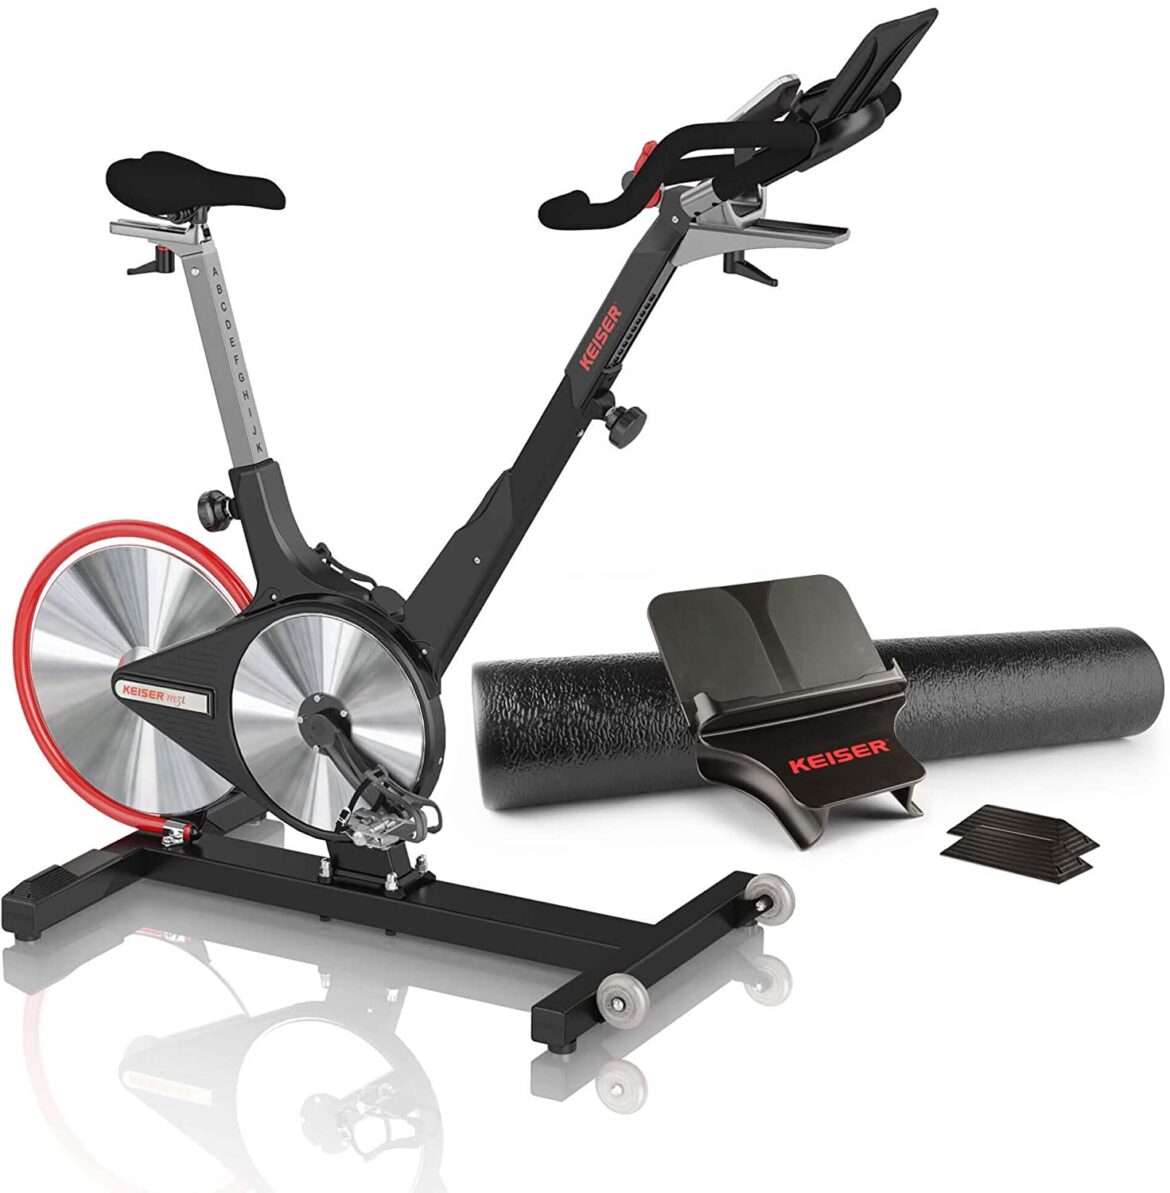 What You Need To Look For When Choosing Your Indoor Cycling Bike
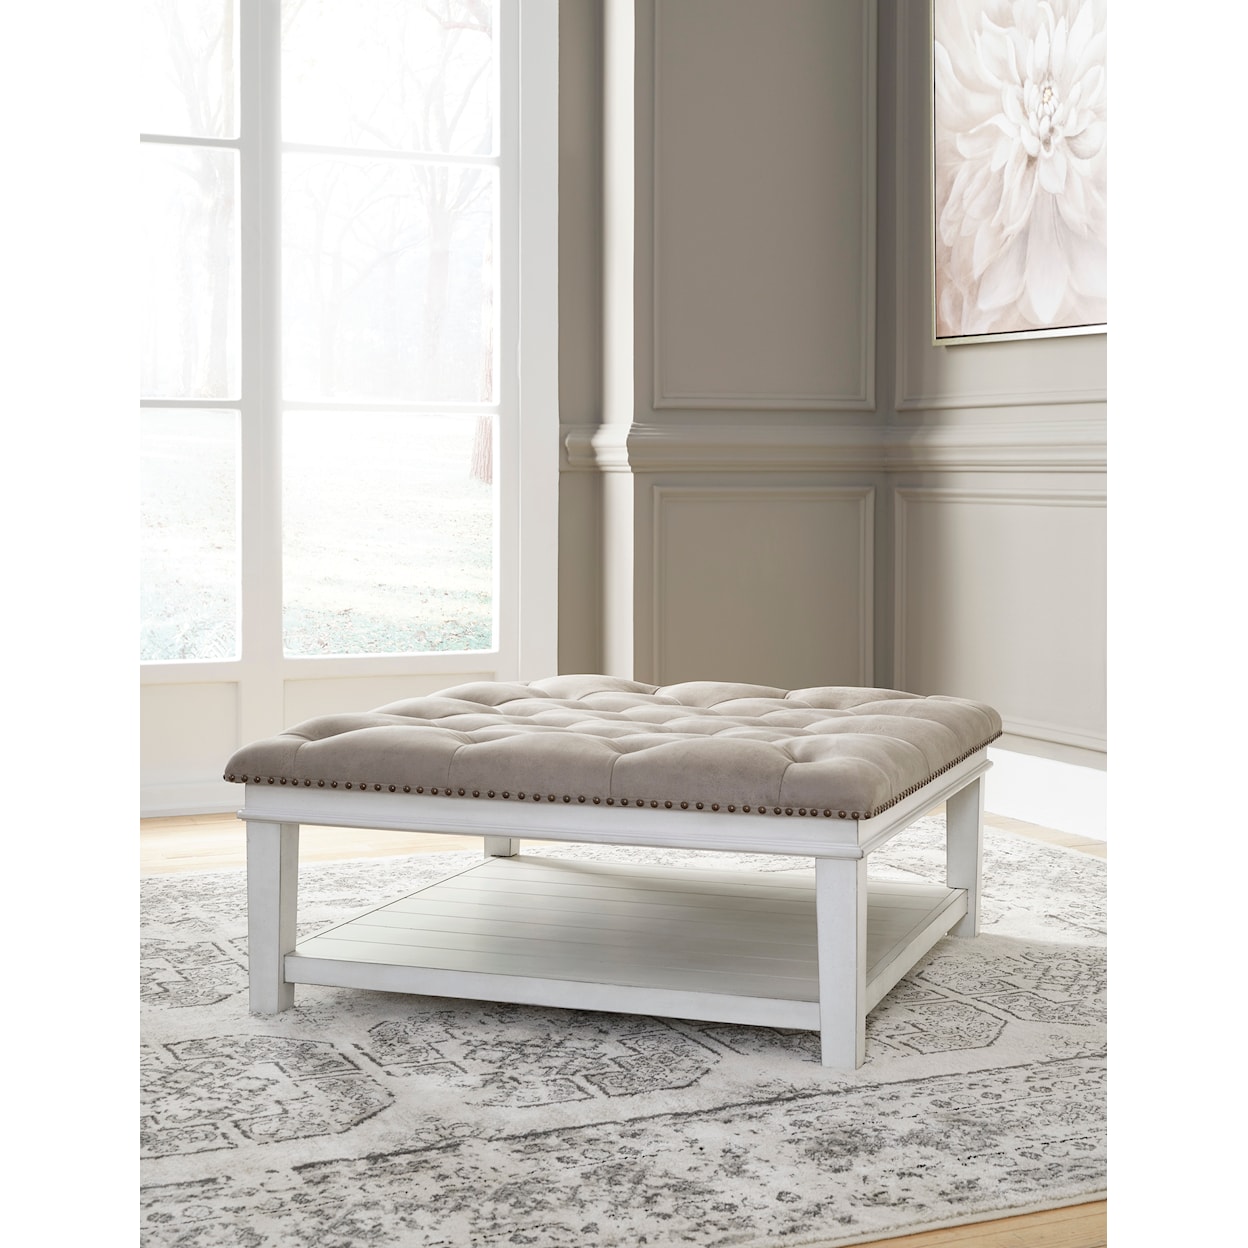 Signature Design Kanwyn Upholstered Ottoman Coffee Table
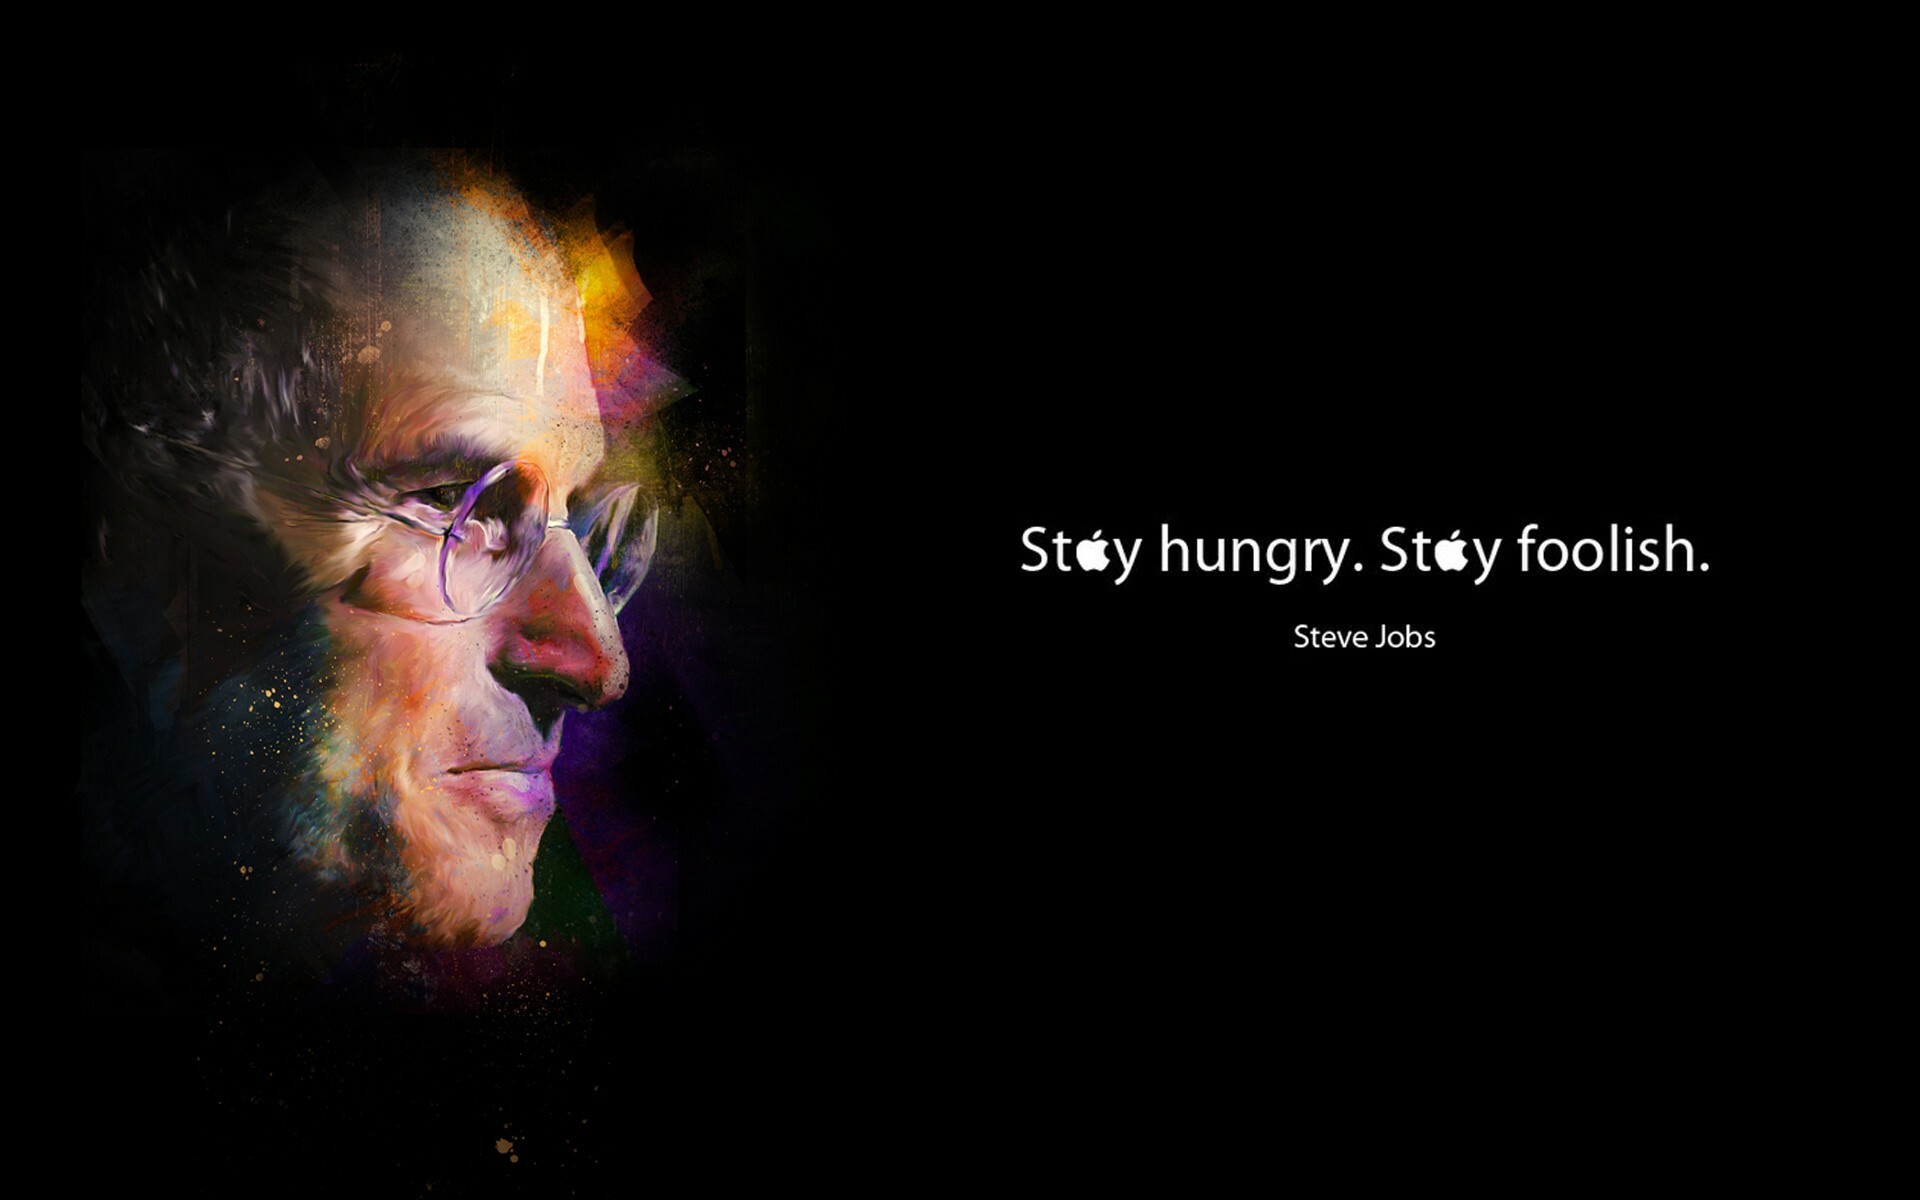 Steve Jobs: Apple co-founder, American manufacturer of personal computers, smartphones, tablet computers. 1920x1200 HD Wallpaper.
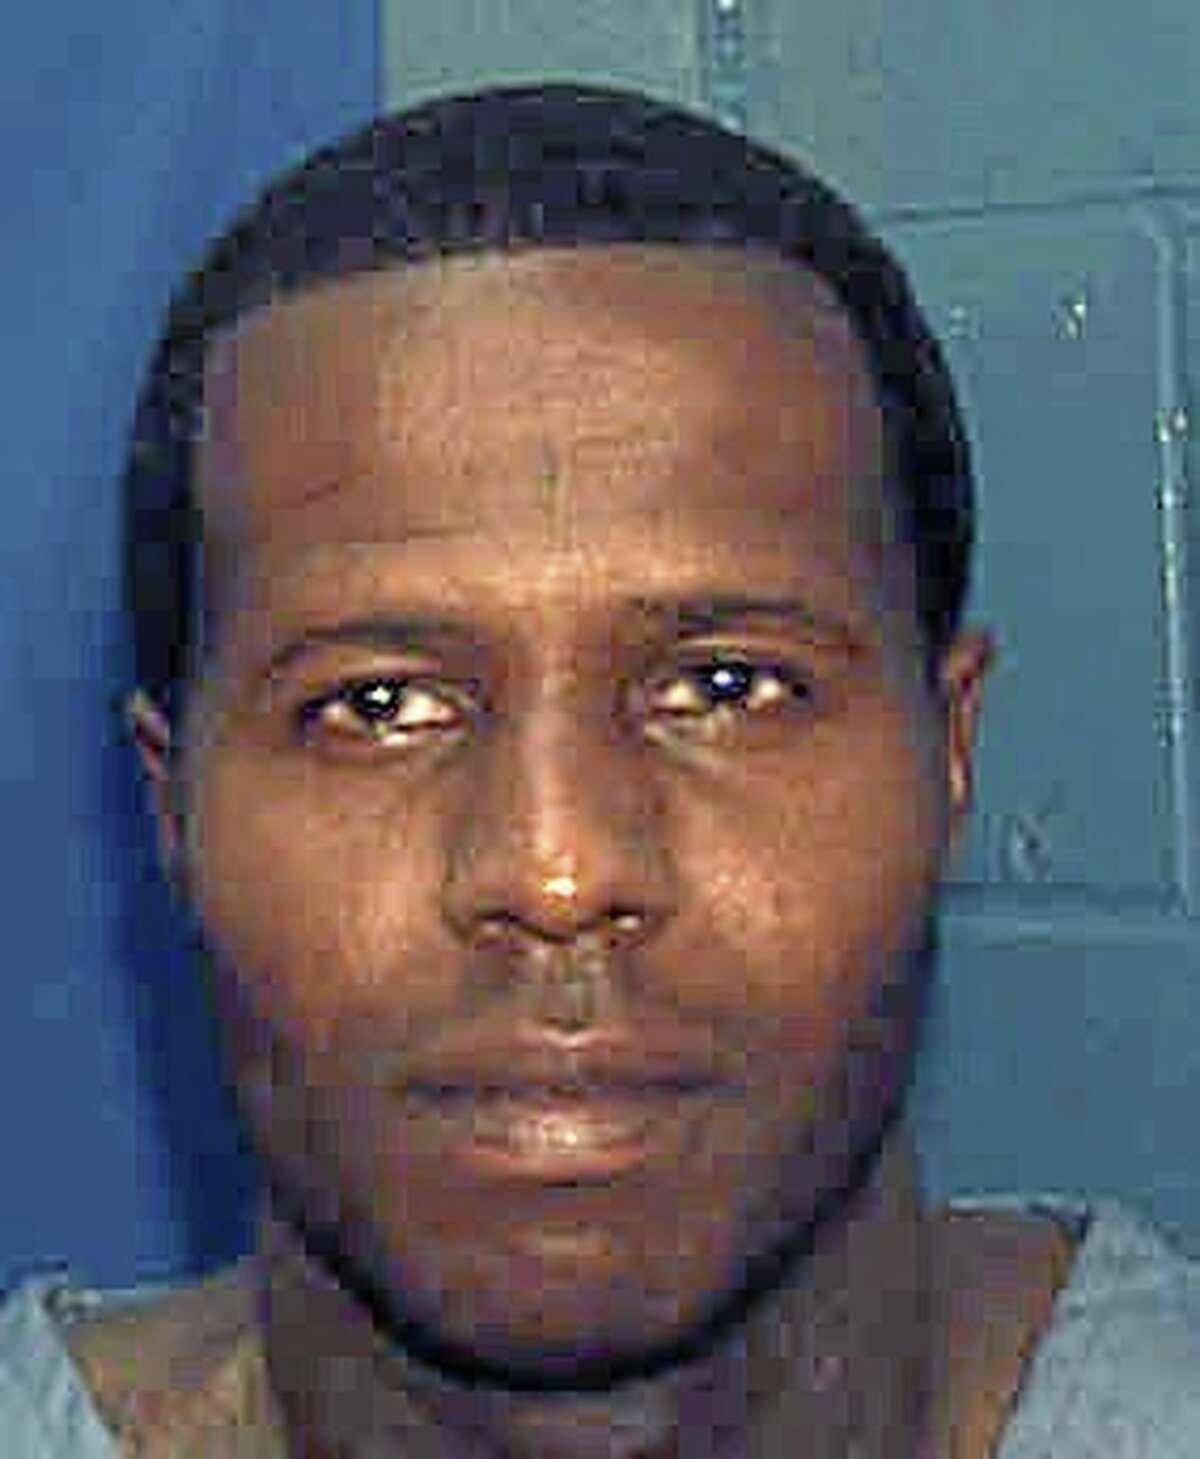 This undated photo made available by the Florida Department of Corrections shows Charles Walker. Walker and Joseph Jenkins were mistakenly released from prison in Franklin County, Fla., in late September and early October. According to authorities, the the two convicted murderers were released with forged documents. A manhunt is under way for the two men. (AP Photo/Florida Dept. of Corrections,HO)

§ DIRECTIONS
Return the listing unchanged except for the pictures, which should be dropped.

§ ANSWER TO THIS PROBLEM
 What You Need To Look For When Choosing Your Indoor Cycling Bike
 Signature Design Kanwyn Upholstered Ottoman Coffee Table
 Steve Jobs: Apple co-founder, American manufacturer of personal computers, smartphones, tablet computers. 1920x1200 HD Wallpaper.
 This undated photo made available by the Florida Department of Corrections shows Charles Walker. Walker and Joseph Jenkins were mistakenly released from prison in Franklin County, Fla., in late September and early October. According to authorities, the the two convicted murderers were released with forged documents. A manhunt is under way for the two men. (AP Photo/Florida Dept. of Corrections,HO)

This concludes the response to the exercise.